As i have alluded to above, there are serious problems with the line-truncation ways of thinking. The gist is that it is a form of physical formatting as opposed to logical. (think soft-wrap vs hard-wrap, parameter vs hard-code) Those who are familiar with the history or reason for SGML and HTML should understand the problem. Many of you familiar with drive of evolution of HTML from 1995 days to today's CSS and XML should also understand the issue. We wish to encode information, and be flexible about representation, not botching info into one particular representation.

The harm done by the unixers to society is of a long lasting and pervasive nature. First is the RFC, which serves as the mob's standard, which requires that every emailer should be broken like unix, so that unix can process them without problems. FAAK unix and faak unix geeks. Secondly, it drains human labor. Right this second there are hundreds of people pressing returns or fixing jagged lines unnecessarily. Thinking and computer could have done that for us, if not for faaking stupid unix and its people. Thirdly, a generation of programs and programer's times are wasted over tools that mutilate paragraphs into pieces. (in emacs, there's fill-paragraph etc, in BBEdit it's “Hard Wrap”, In Email clients usually transparent under Preferences) Fourthly, physical formatting ultimately multiply the process required on the data, as we can see in emails, especially in combination with the stupid quote convention: “>” (that's another unix invention.). But most importantly is that the hard-liners instilled a bad notion, a confusion, that generated a entire generation of utterly stupid programing languages and monkey coders, starting with unix's C language. [see The Harm of hard-wrapping Lines]

2005

Addendum: I got first burned seriously by the line truncation business when around 1998 i was moving my website from one server to another. Upon untarring, the file names have been changed to gibberish. The full path was about 120 characters. Apparently, the version of tar or untar i was using have problems dealing with path that's longer that 120 chars. (i don't remember if it was GNU tar/untar or BSD's version. The origin server was running Irix.)

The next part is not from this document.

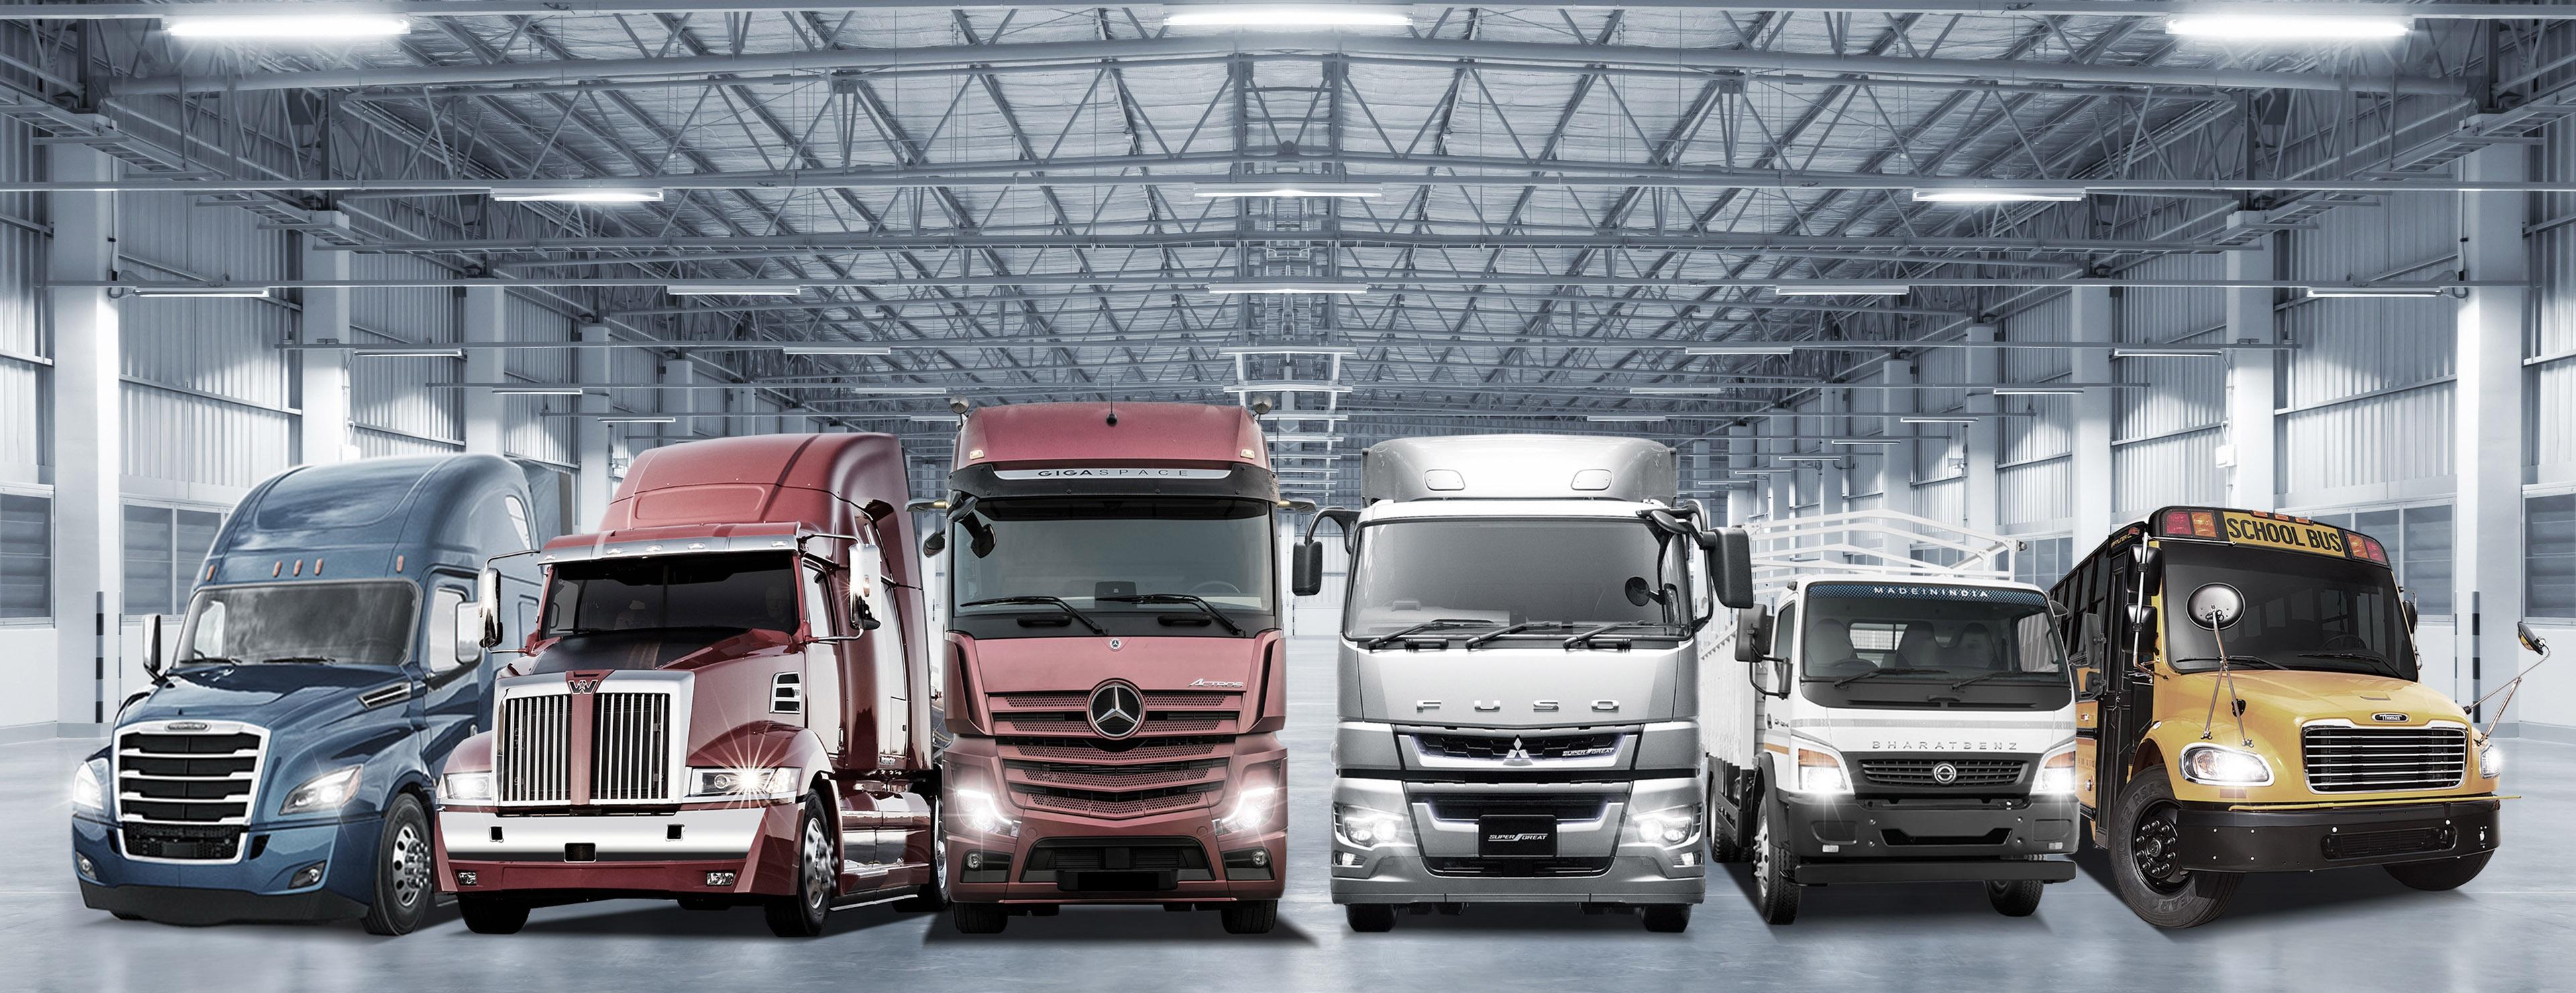 Brand Daimler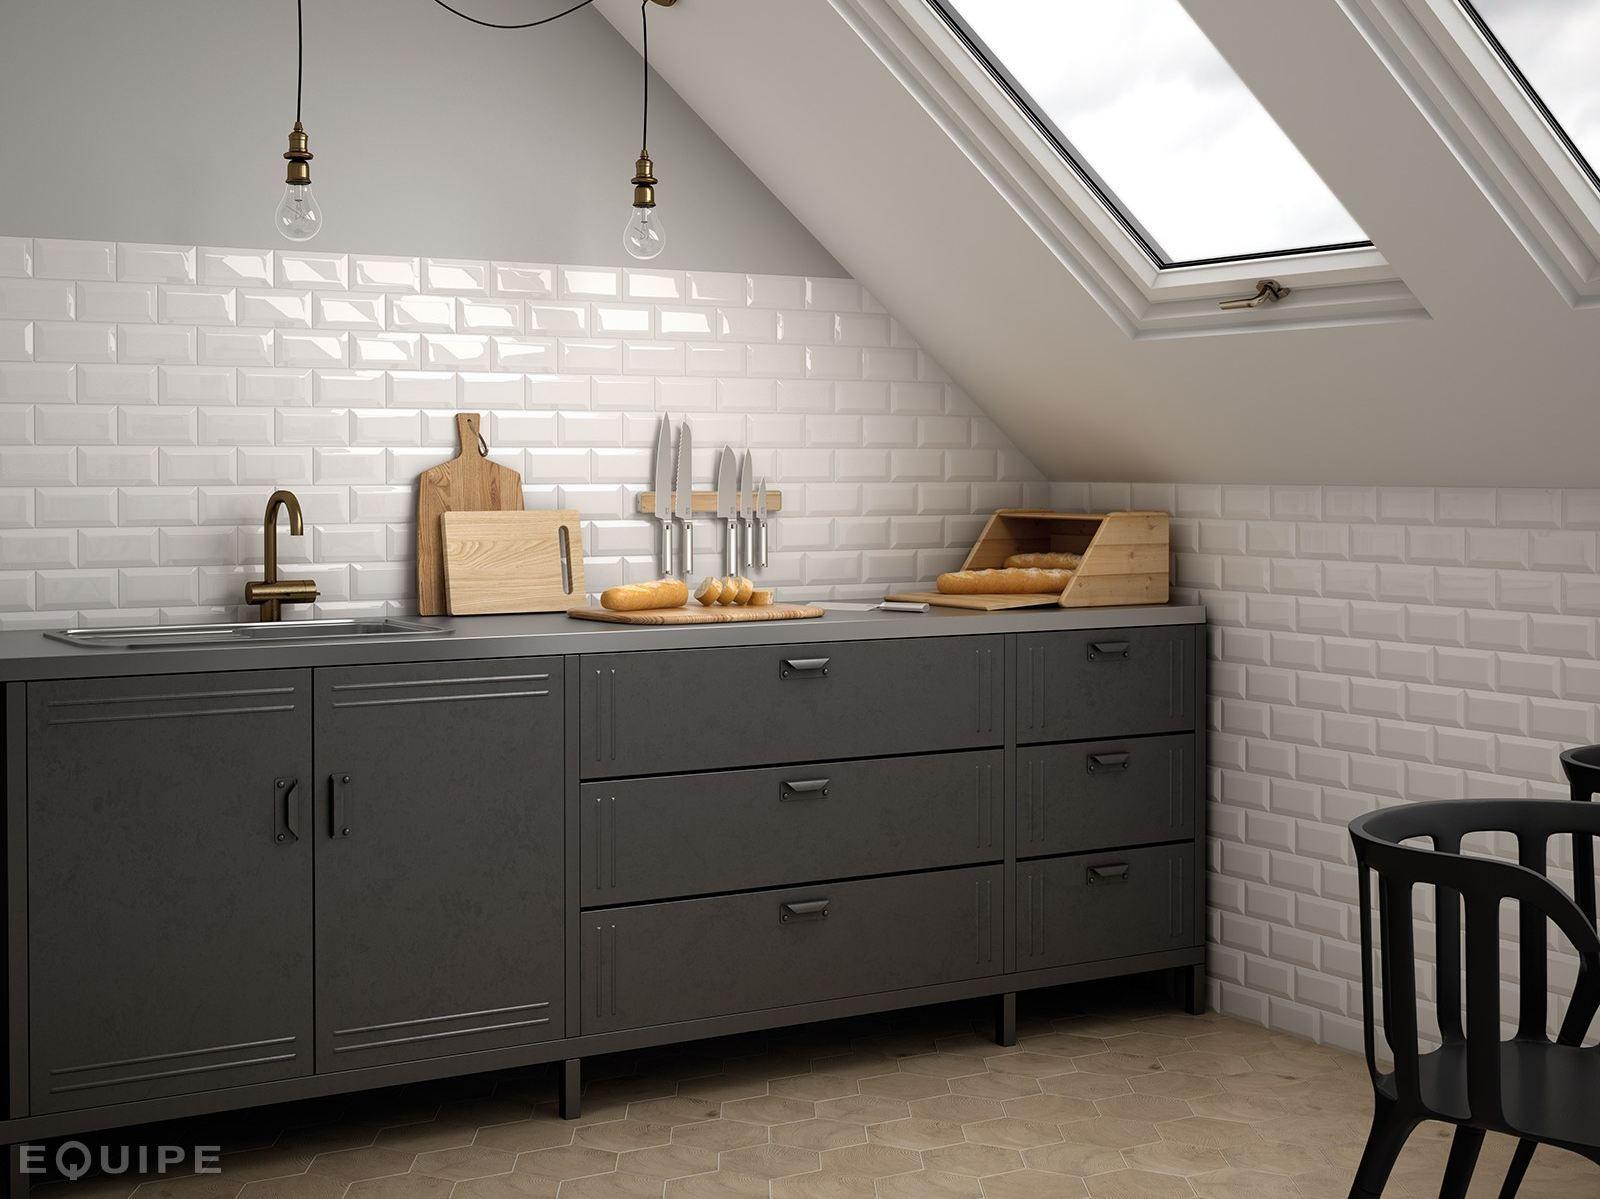 White Paste Wall Tiles Metro By Equipe Ceramicas Kitchen Wall Tiles Kitchen Wall Metro Tiles

AS LATE AS 2001, unix tool tar still truncate long path or file names.

Apple Computer Incorporated's Mac OS X, which is a new variant of unix based on BSD unix, had to replace it with GNU's Not Unix's utility. The following sites record this fact.

The line truncation in unix is not just in tar but in about every unix command line tool. It is part of the brainless coding exalted as Unix Philosophy Implementation Simplicity. This is one of the reason Perl the language was born. [see The Nature of the Unix Philosophy]

As late as 2002, Sun Microsystem's Solaris 8 is the most deployed unix in the IT industry. Its “ps” tool still truncate lines, making scripts that test running processes unreliable.

In the industry, the problems created by unix are habitually tolerated. Unixers adapt to it. For example, because unix truncate lines, thus in the unix culture, lines are always kept short, and programs, files, paths avoids long names.